2) Because marriage is a picture of the gospel, humans are not free to alter the design or purpose of marriage. As Russell Moore points out, sexual immorality outside of God’s definition of marriage is “a sermon [that preaches] a different gospel.” God has bound the definition of marriage to his purposes for creation (Gen 2:24; cf. Gen 1:27–28). Both Jesus and Paul anchor their teaching on the subject to this same definition of marriage as a permanent, two-become-one bond between husband and wife (Matt 19:4–5; Eph 5:31). Sex is a beautiful gift from God, who—as its designer—establishes its unchanging parameters and purposes—procreation, mutual enjoyment in marriage, and a glimpse of the permanent union of Christ and his bride. Because God is the author of life, parents who participate with God in the creation of a new human being have the responsibility of protecting and treasuring the life of that child. Believers must ground their beliefs on marriage and the family in God’s design and purposes, and not in cultural norms and expectations.

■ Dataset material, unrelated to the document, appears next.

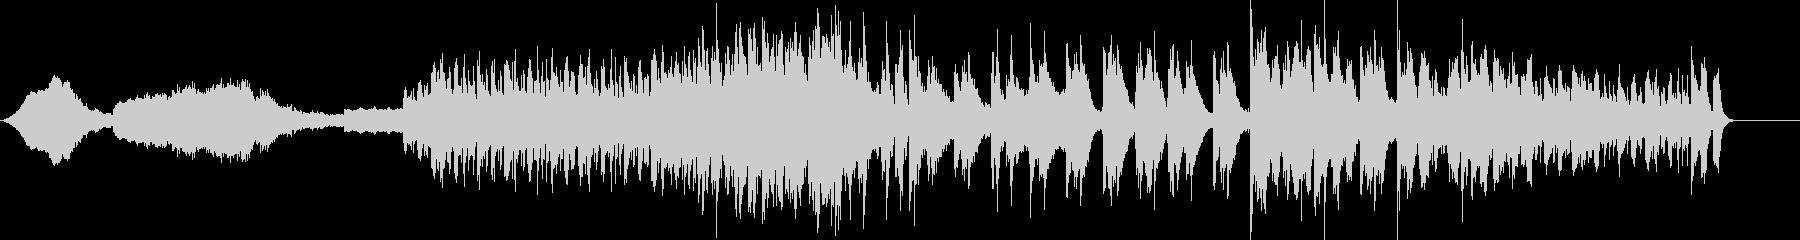 シリアスな映像音楽の未再生の波形

3) The church must uphold God’s ideal for marriage and the family in a winsome way. God’s design and purposes for marriage stand in stark contrast to the surrounding culture. Perhaps the most effective way to defend God’s design and purposes for marriage and the family is not entrenched warfare but rather the enhanced witness of marriages that actually reflect the same gospel they proclaim before a watching world. The church should also be a place of refuge that welcomes people who are recovering from the endemic brokenness of a fallen world. A holistic holiness—one that reveals not only God’s purity but also his love and compassion for the marginalized—gives credence to the God they profess.
 N. T. Wright, “Opportunities for the Church-in-Mission,” Lecture at Newbigin House, 17 Nov 2011.
 Edmund P. Clowney, “The Final Temple” WTJ 35 (1973): 177.
 Moore, “Man, Woman, and the Mystery of Christ,” JETS 58 (2015): 91.